**What you will do**:
Each line from the one containing "There's a Boy named Bonnie | OfficiallyBored" to the last line of the listing below is to be duplicated exactly, and no picture is to be carried over.

** Data section follows **

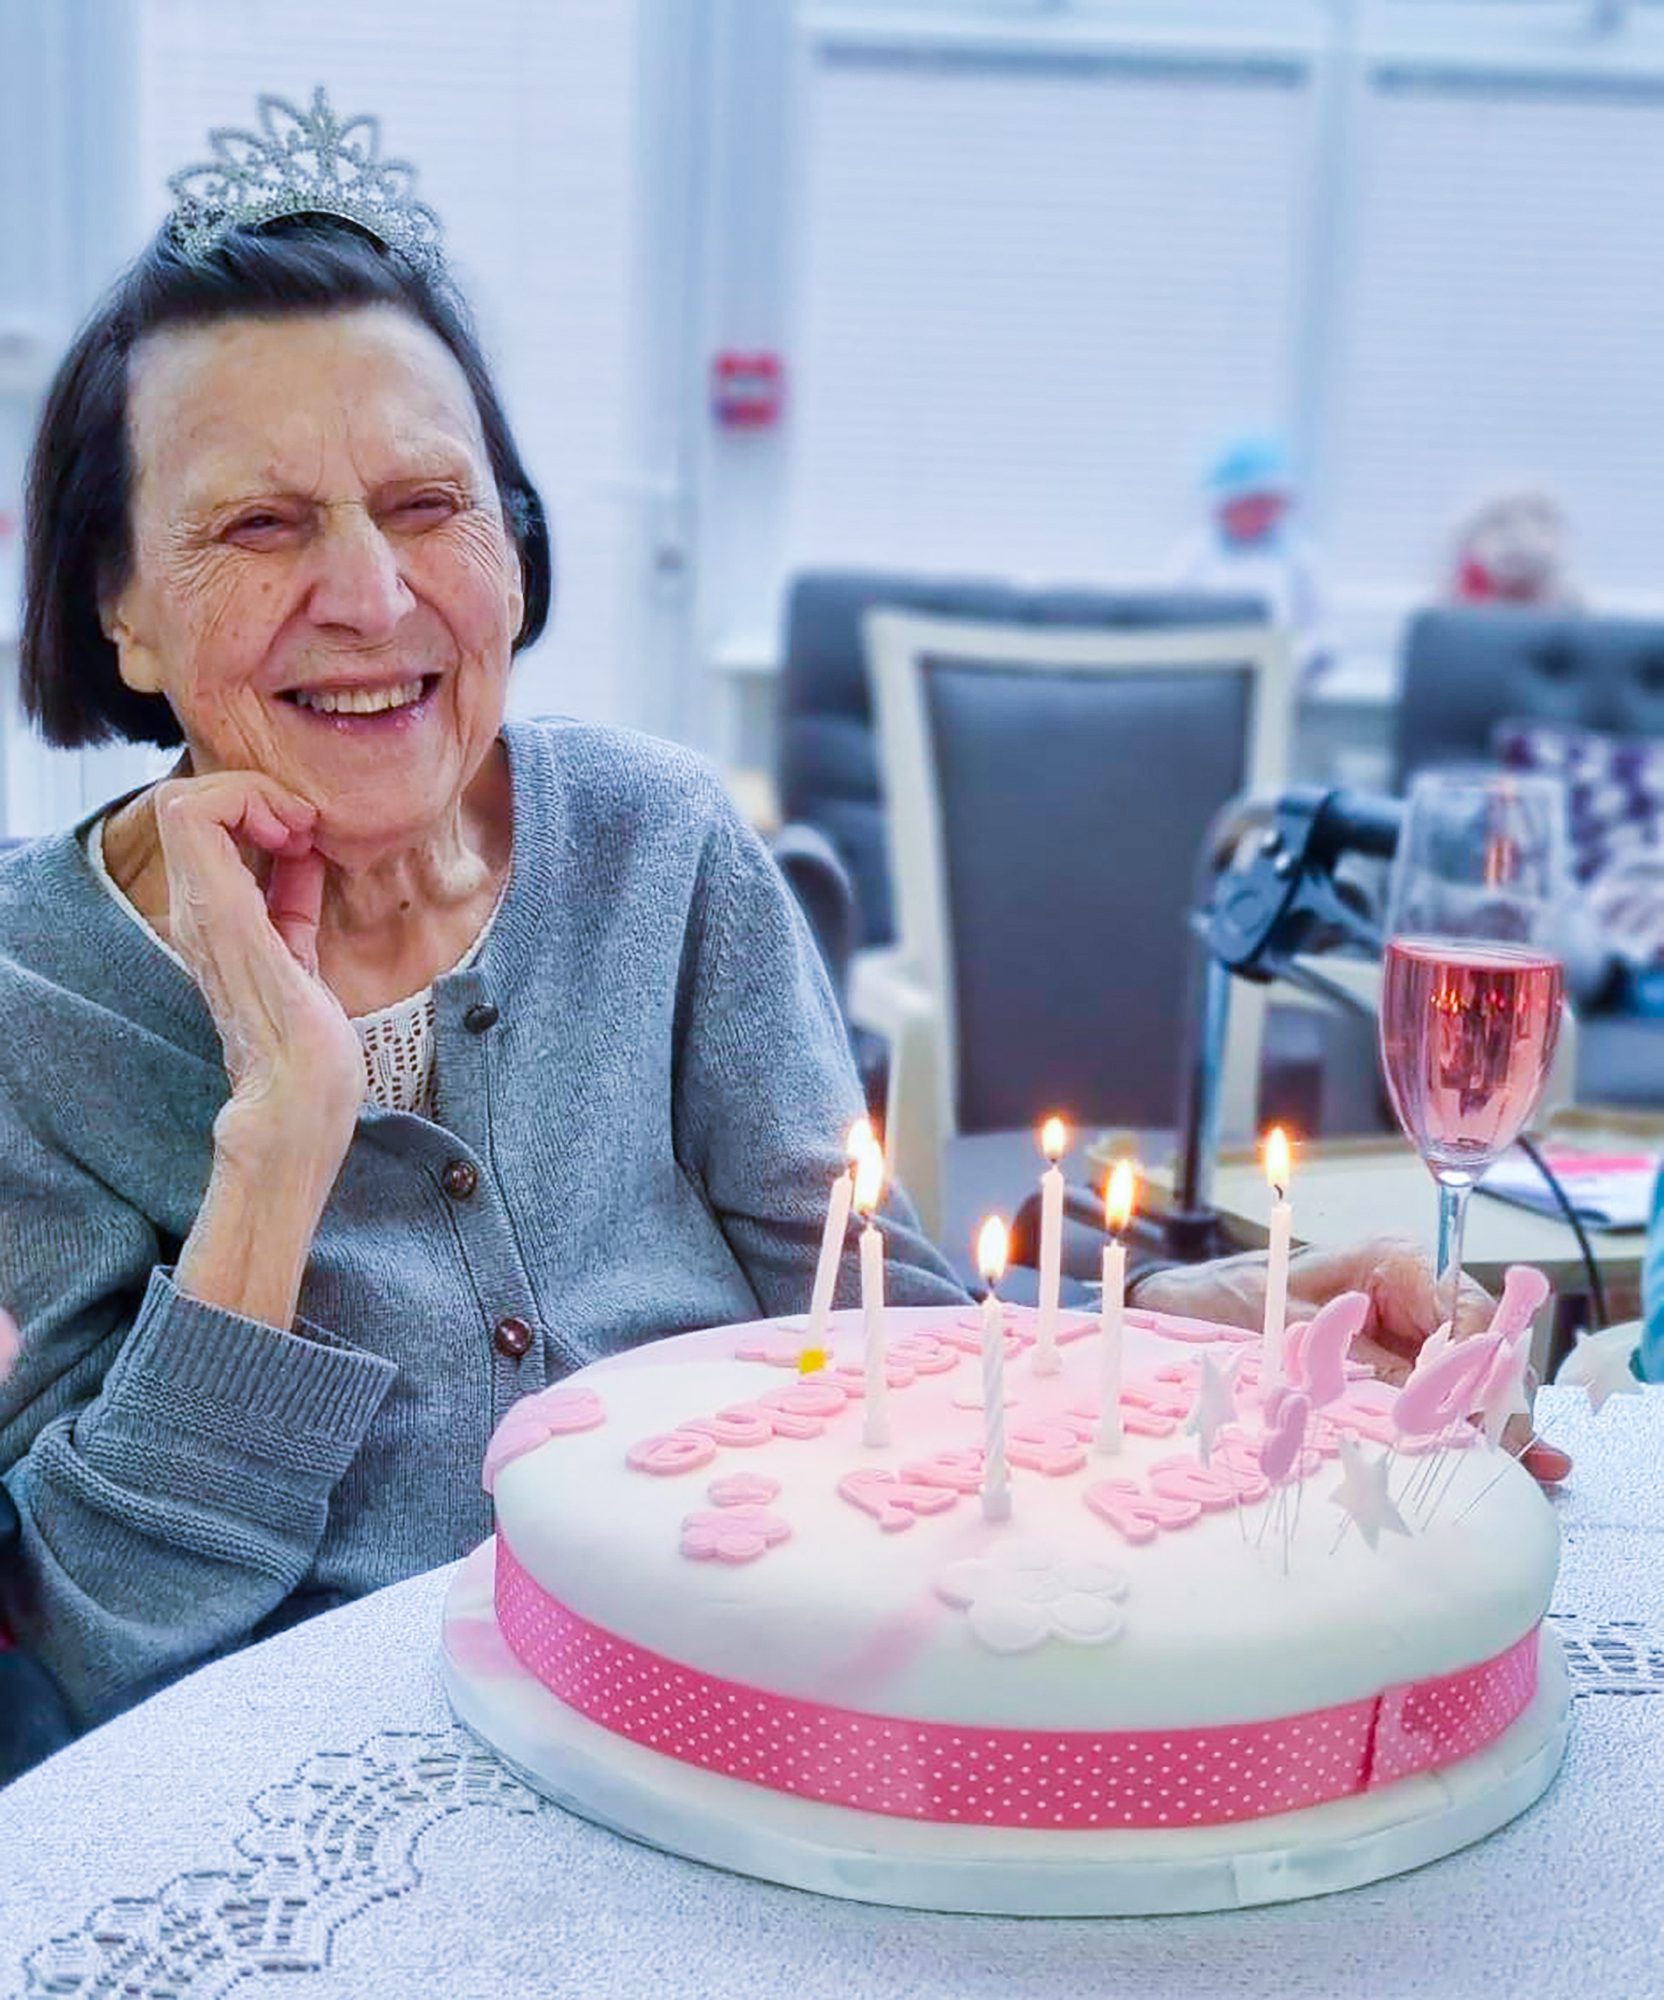 International Day of Older Persons: Blanche on her birthday.
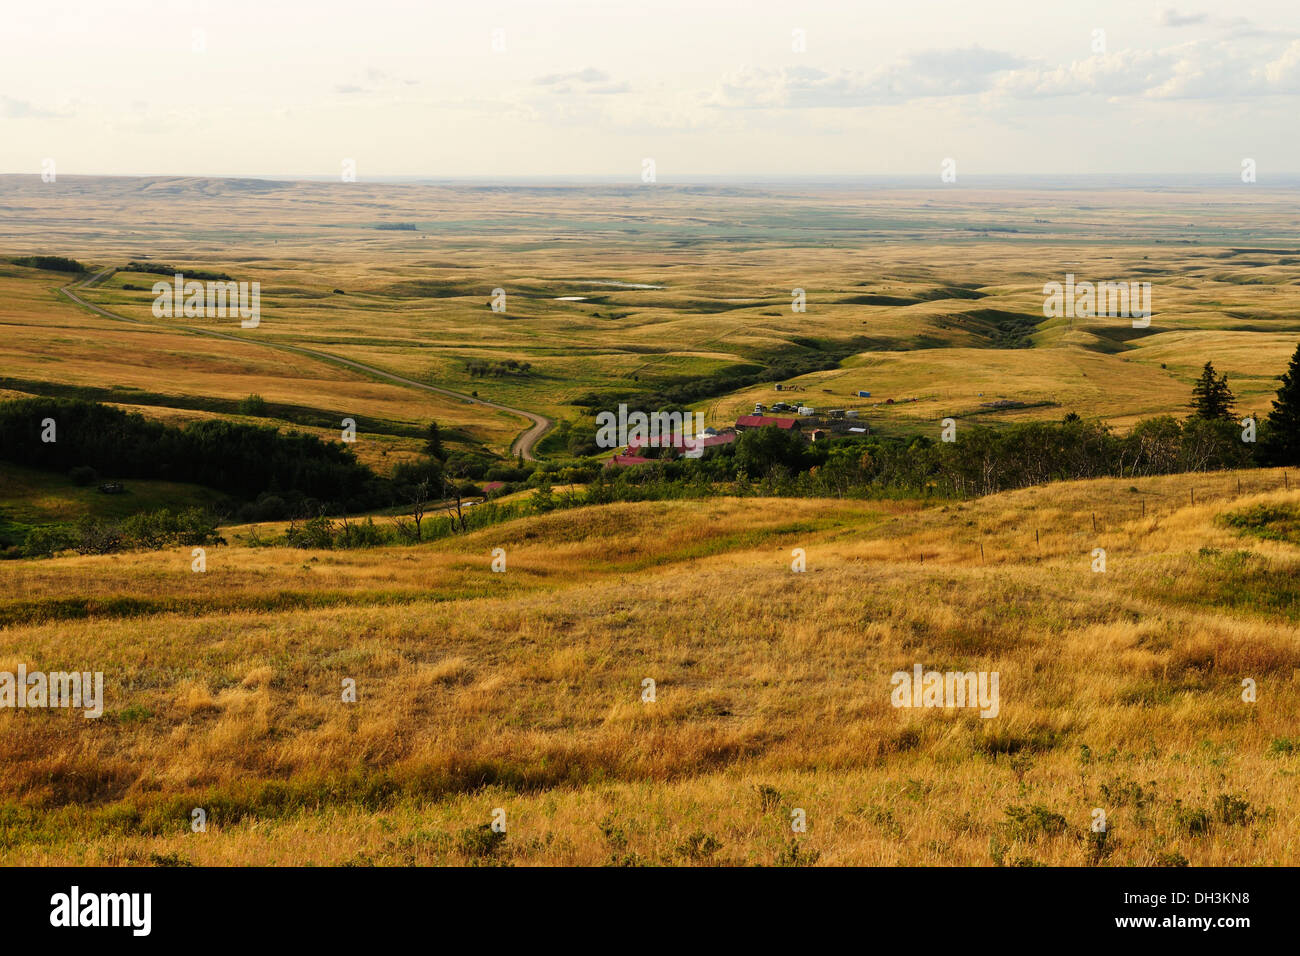 Hilly landscape of the prairie with a cattle ranch, Cypress Hills, Saskatchewan Province, Canada Stock Photo
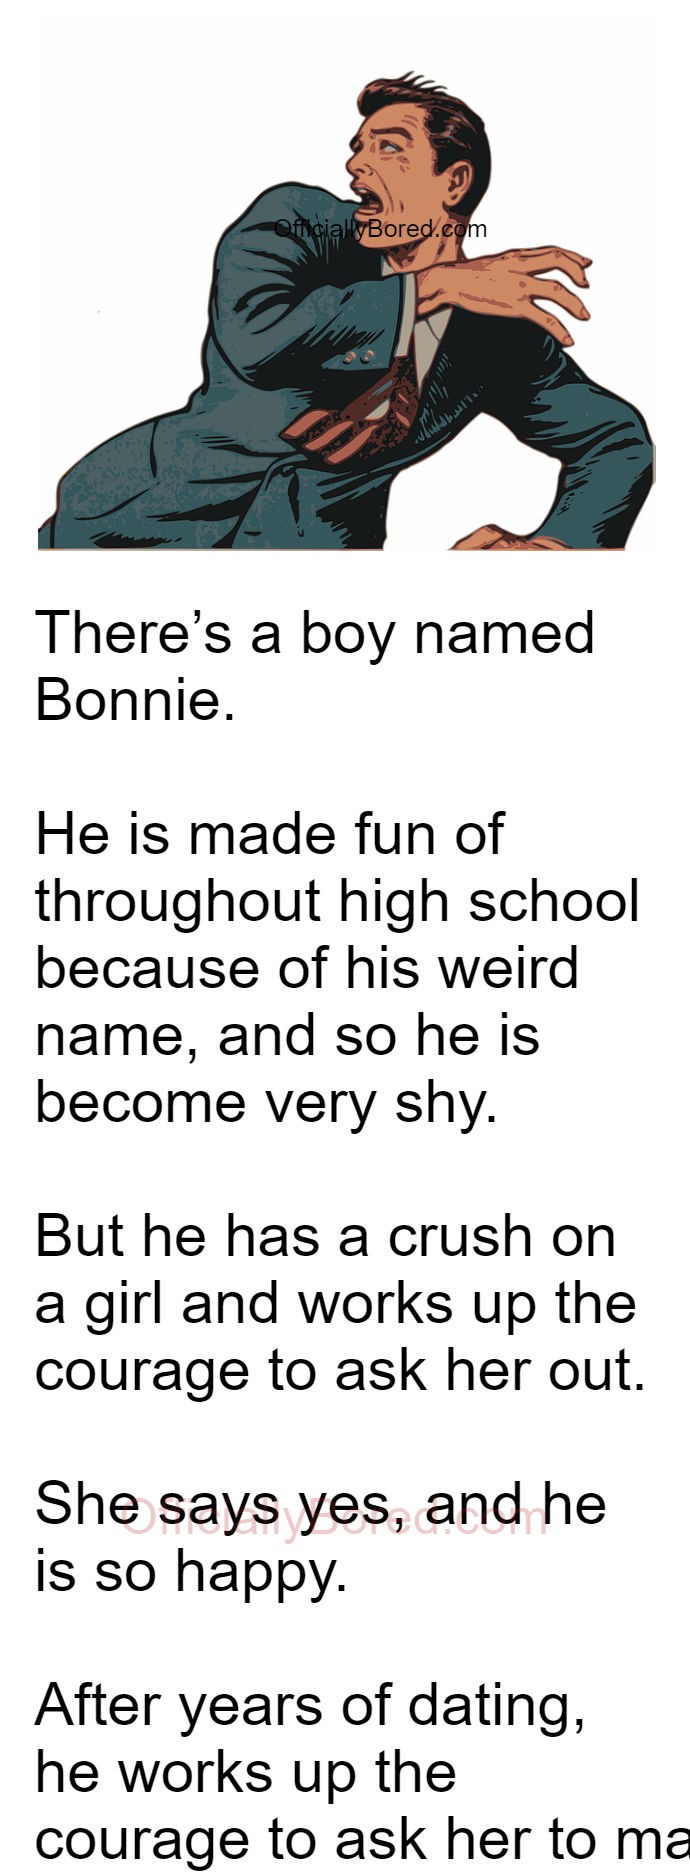 There's a Boy named Bonnie | OfficiallyBored
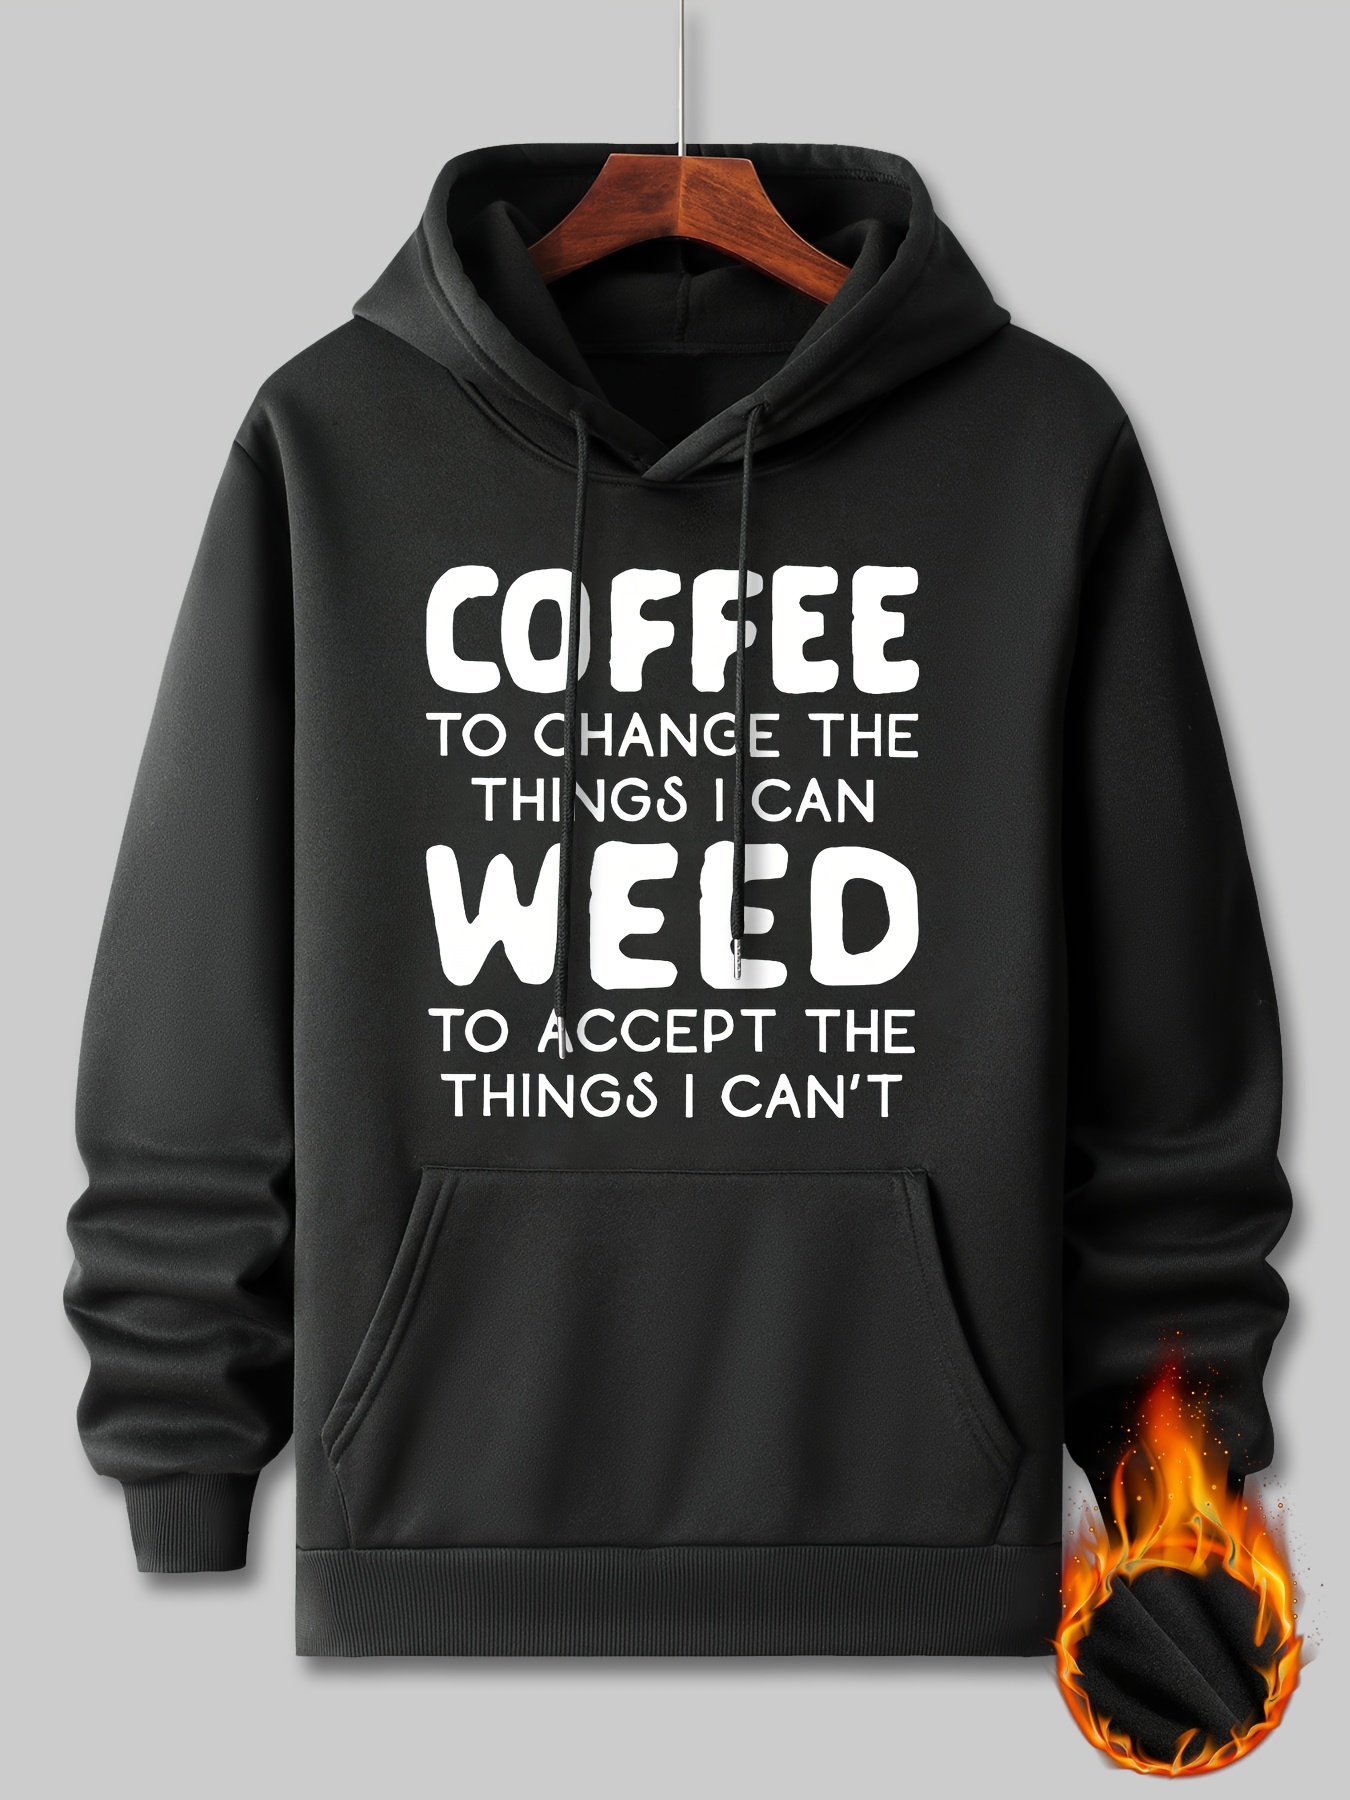 coffee and weed pattern print hooded sweatshirt personalized hoodies fashion casual tops for spring autumn mens clothing details 10

** End of Data section **

**Written response**:
 There's a Boy named Bonnie | OfficiallyBored
 coffee and weed pattern print hooded sweatshirt personalized hoodies fashion casual tops for spring autumn mens clothing details 10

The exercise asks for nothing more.